▸ **WHAT THE TASK ASKS**
Find "Toy bunny, close-up Photo Stock" below and begin at its line; stop after the line with "EG Question Time Belfast | 17.09.18". Output those lines exactly, without pictures.

▸ **PROVIDED RECORDS**
---*---
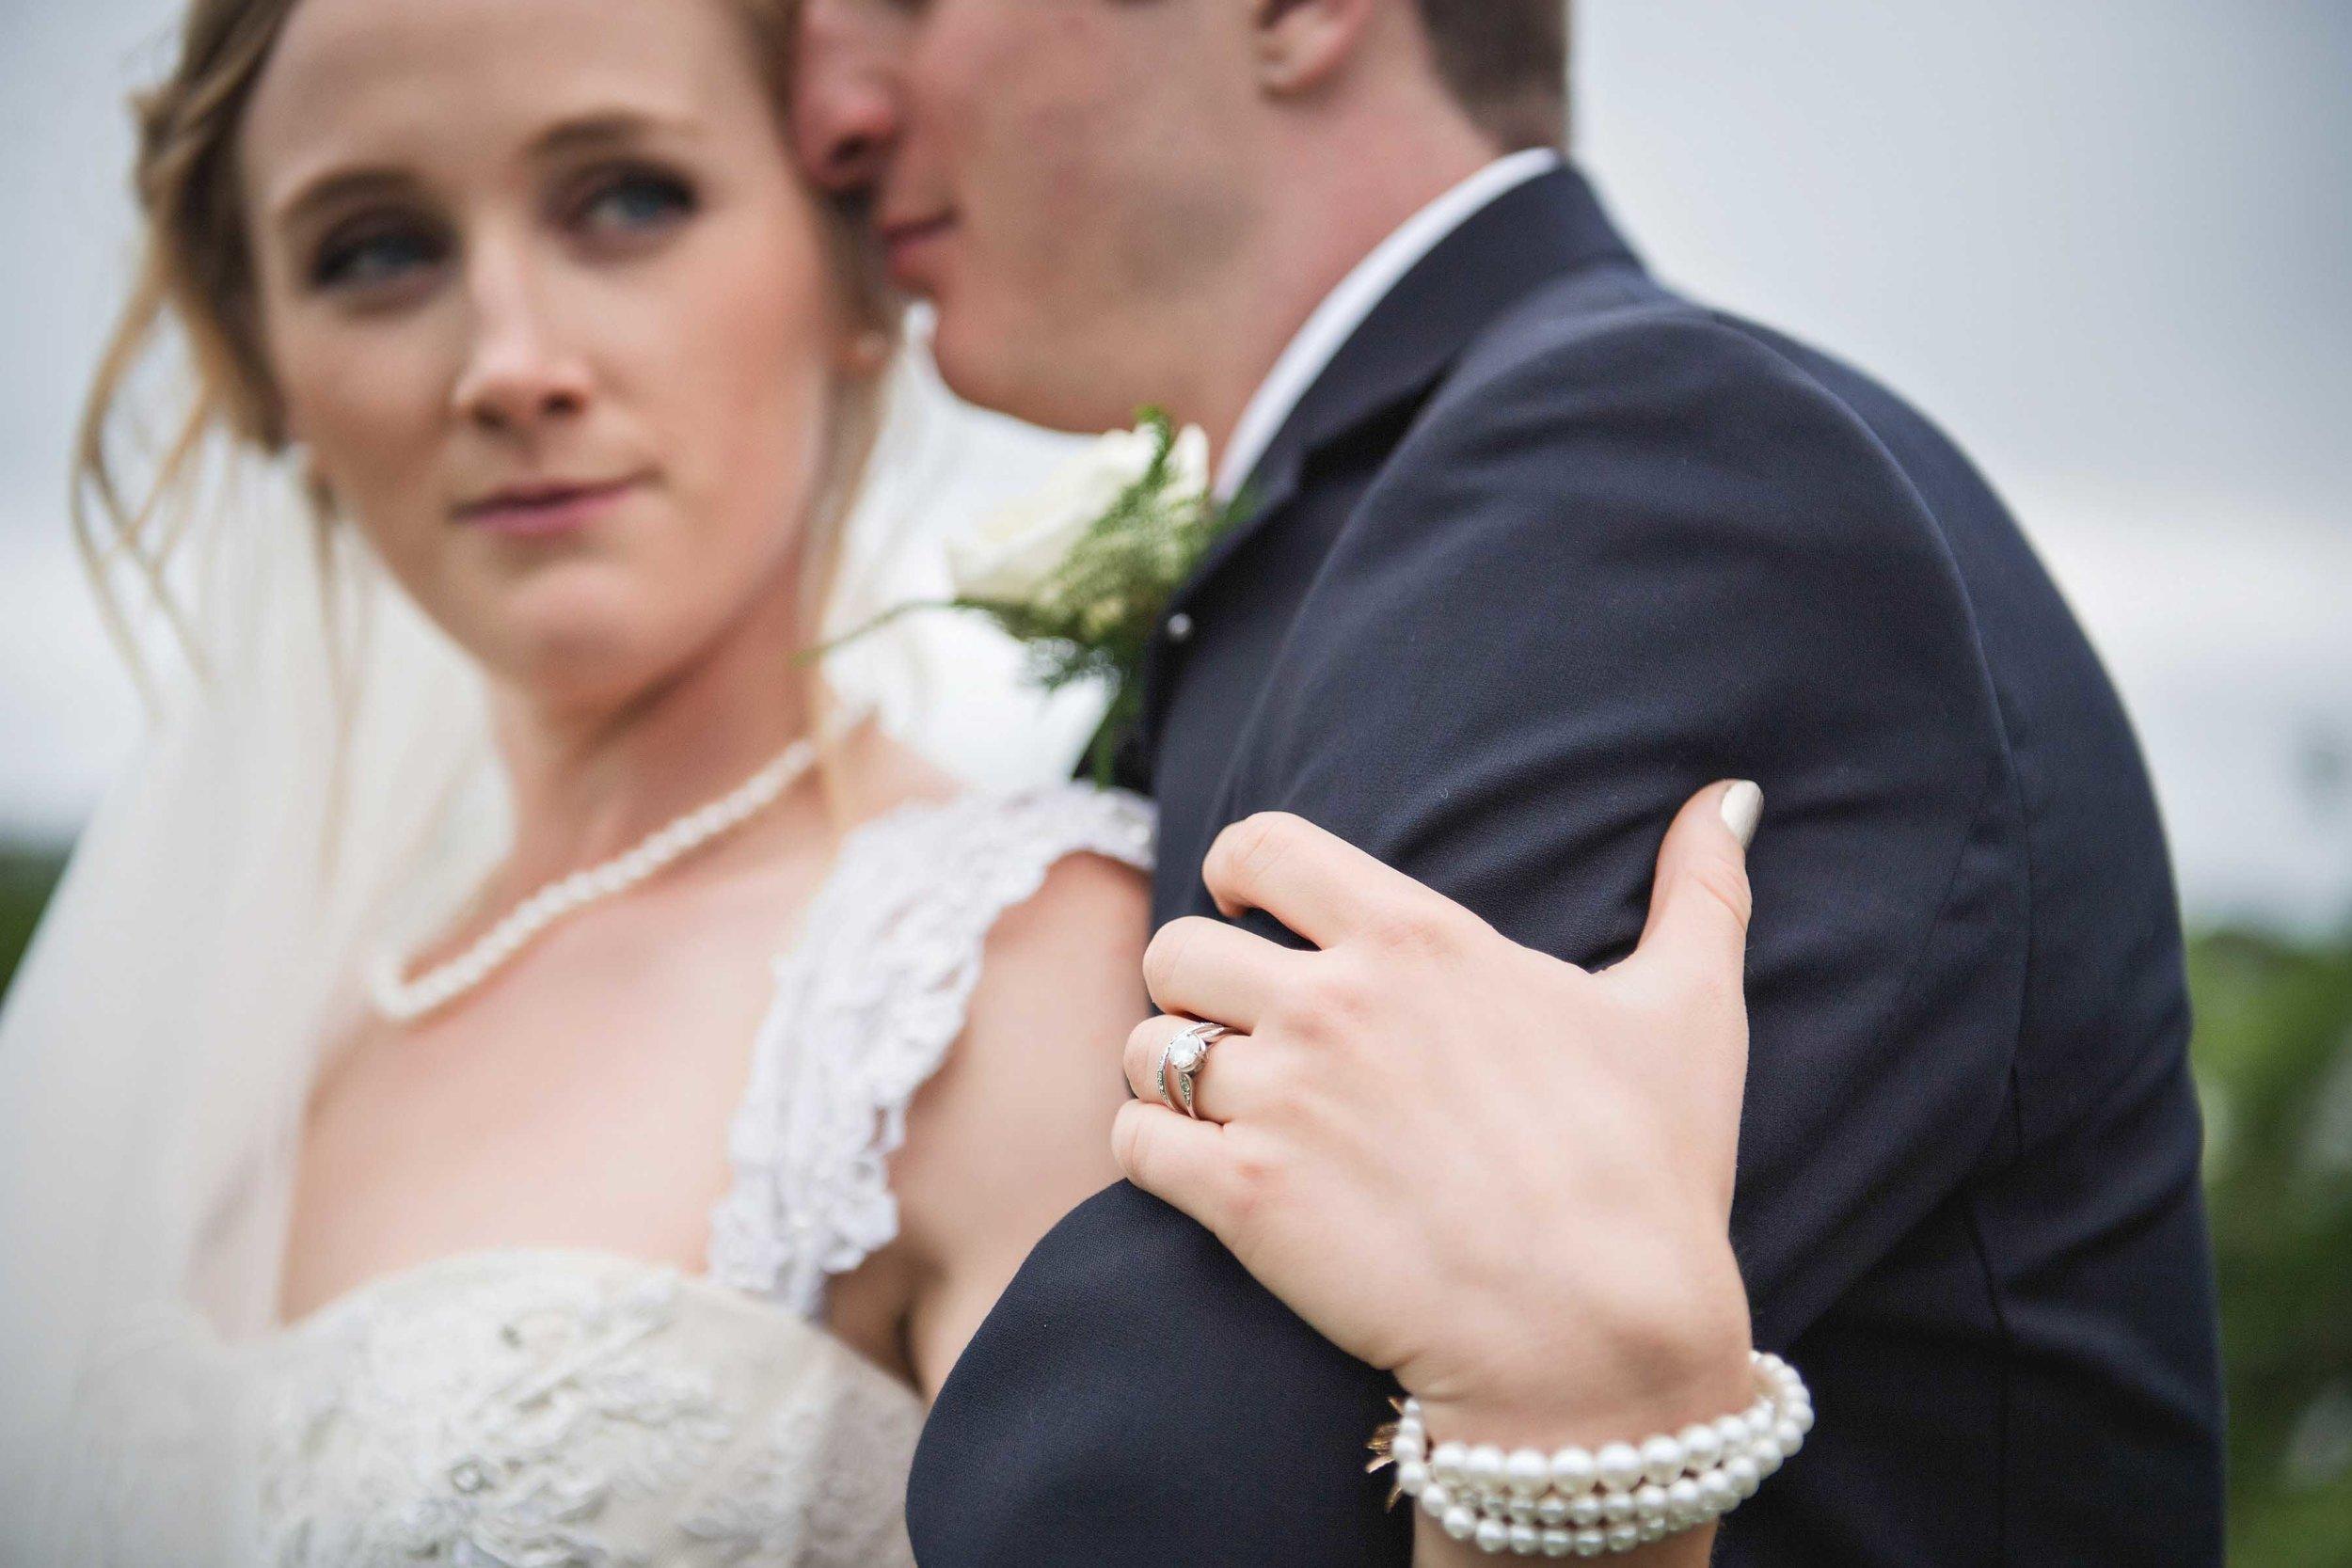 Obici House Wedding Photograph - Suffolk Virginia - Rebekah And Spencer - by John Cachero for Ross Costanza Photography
---*---
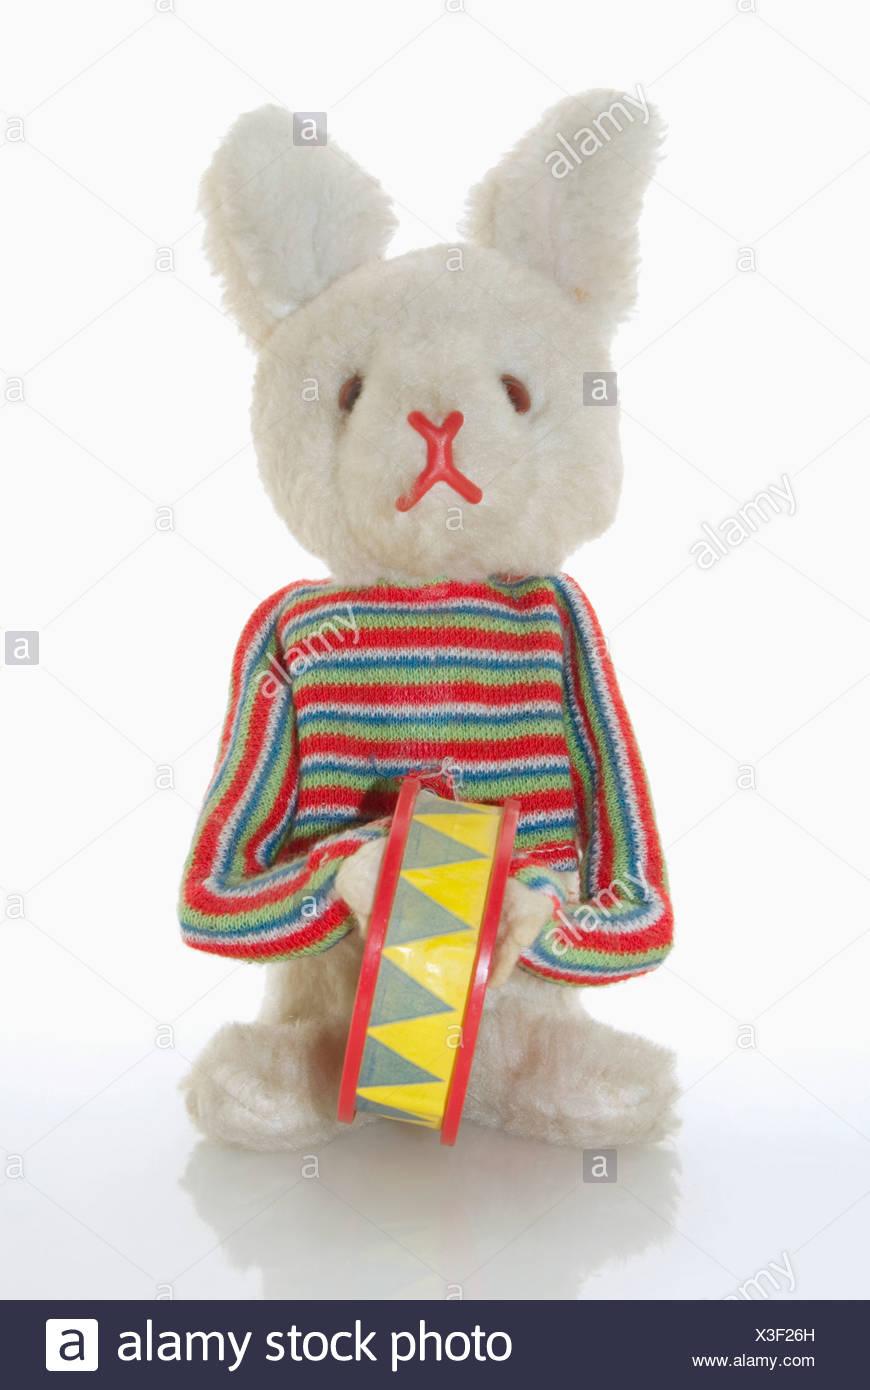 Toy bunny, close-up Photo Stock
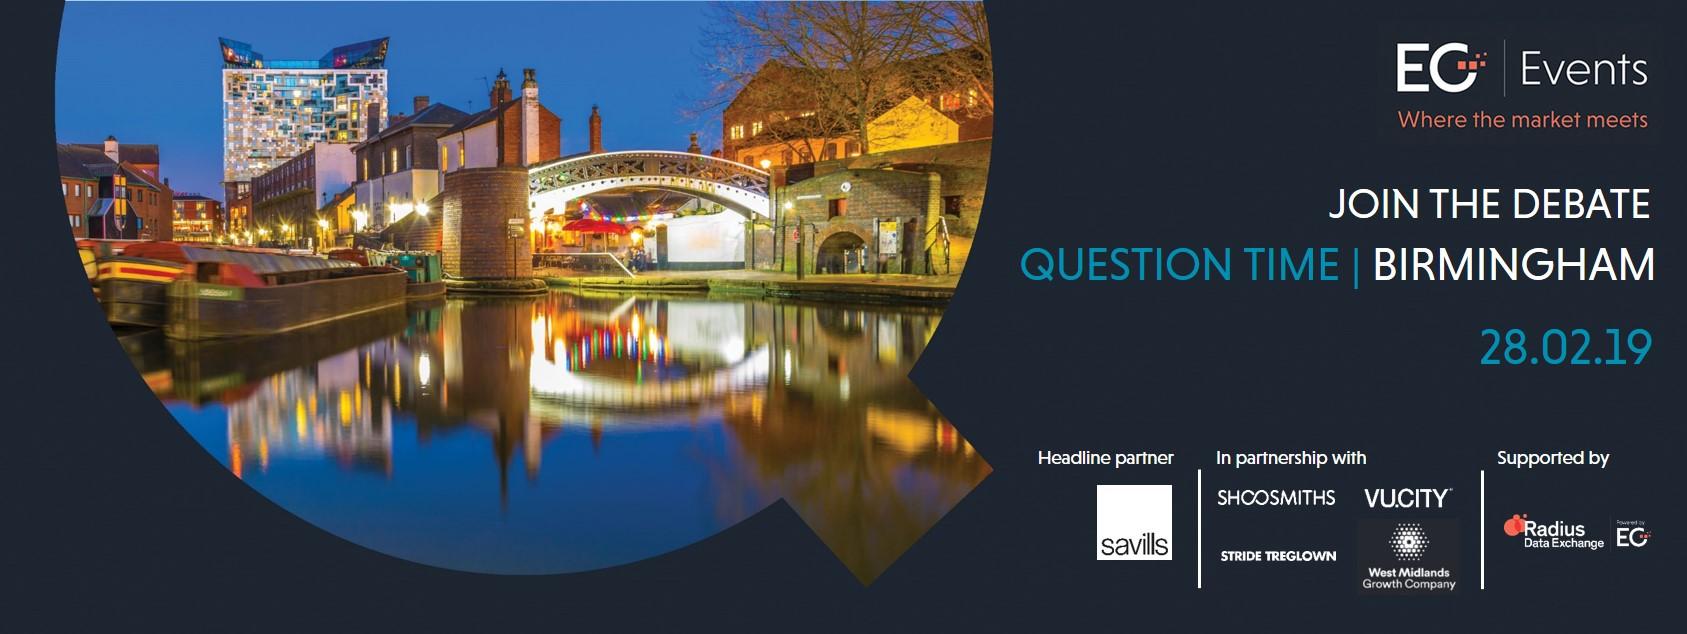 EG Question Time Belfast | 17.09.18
---*---
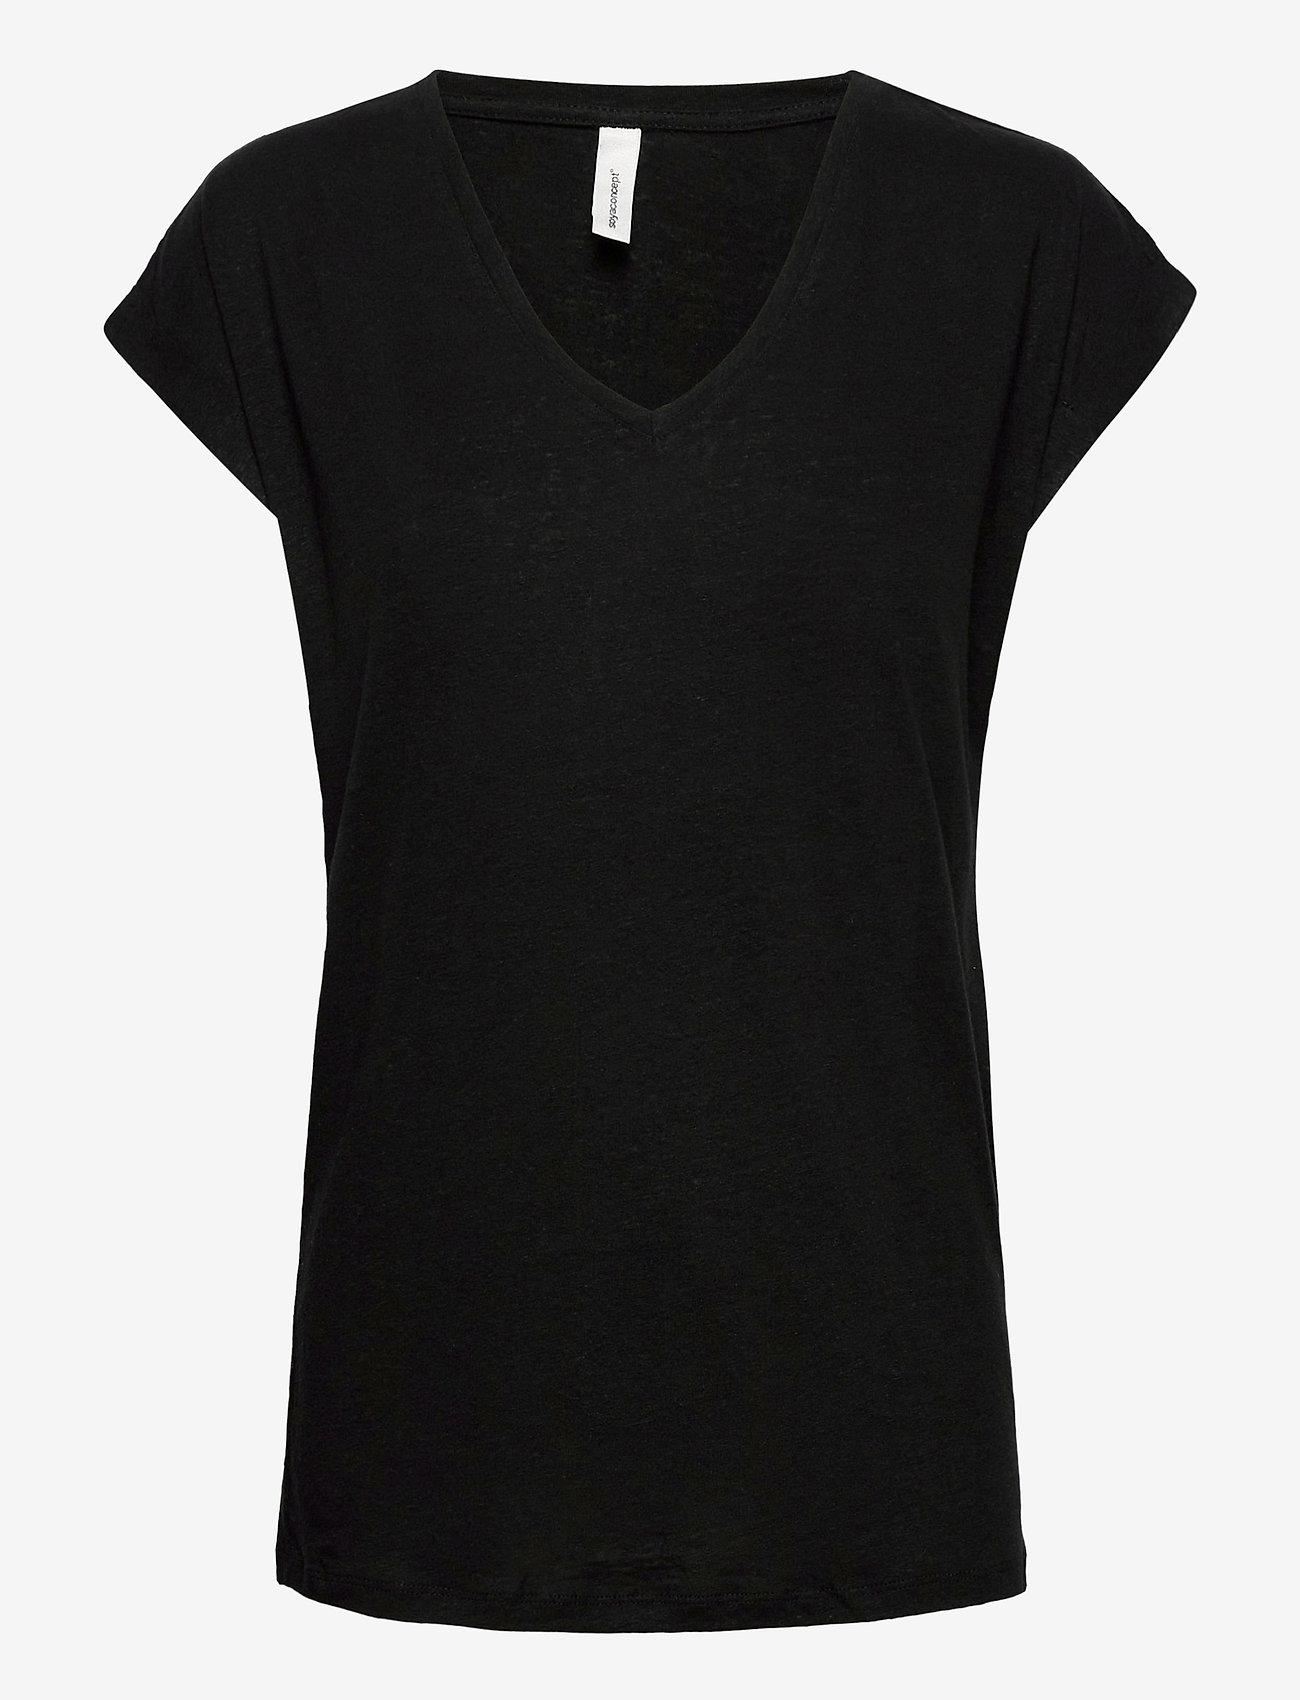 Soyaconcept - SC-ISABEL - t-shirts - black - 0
---*---
▸ **SOLUTION TO THE PROBLEM**
 Toy bunny, close-up Photo Stock
 EG Question Time Belfast | 17.09.18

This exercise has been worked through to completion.